Locate each line in the records containing "White". Copy it.

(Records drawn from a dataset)
--- START ---

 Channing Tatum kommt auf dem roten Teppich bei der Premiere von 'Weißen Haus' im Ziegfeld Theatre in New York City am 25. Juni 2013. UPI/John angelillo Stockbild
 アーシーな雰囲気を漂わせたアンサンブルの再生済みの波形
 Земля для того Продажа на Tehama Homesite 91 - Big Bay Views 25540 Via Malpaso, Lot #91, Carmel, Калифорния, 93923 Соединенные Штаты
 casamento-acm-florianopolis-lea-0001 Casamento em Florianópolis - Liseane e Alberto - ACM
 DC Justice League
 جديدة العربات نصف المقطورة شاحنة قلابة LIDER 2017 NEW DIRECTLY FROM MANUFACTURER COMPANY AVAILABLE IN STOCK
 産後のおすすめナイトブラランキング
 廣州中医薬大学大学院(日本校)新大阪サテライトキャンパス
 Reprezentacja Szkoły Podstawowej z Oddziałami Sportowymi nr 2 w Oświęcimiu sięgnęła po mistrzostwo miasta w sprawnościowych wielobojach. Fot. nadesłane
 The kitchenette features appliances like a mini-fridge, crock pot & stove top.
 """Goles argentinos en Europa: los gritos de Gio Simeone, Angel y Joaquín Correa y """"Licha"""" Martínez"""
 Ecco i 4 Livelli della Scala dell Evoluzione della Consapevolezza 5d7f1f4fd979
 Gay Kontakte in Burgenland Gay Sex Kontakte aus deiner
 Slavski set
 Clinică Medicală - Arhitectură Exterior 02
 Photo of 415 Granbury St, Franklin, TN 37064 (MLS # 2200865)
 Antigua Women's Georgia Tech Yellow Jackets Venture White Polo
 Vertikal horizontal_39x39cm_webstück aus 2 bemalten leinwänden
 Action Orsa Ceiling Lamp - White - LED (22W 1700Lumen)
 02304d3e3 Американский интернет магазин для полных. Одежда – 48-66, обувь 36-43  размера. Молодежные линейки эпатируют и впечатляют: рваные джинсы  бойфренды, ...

--- END ---

SOLUTION TO THE EXERCISE ->
 Antigua Women's Georgia Tech Yellow Jackets Venture White Polo
 Action Orsa Ceiling Lamp - White - LED (22W 1700Lumen)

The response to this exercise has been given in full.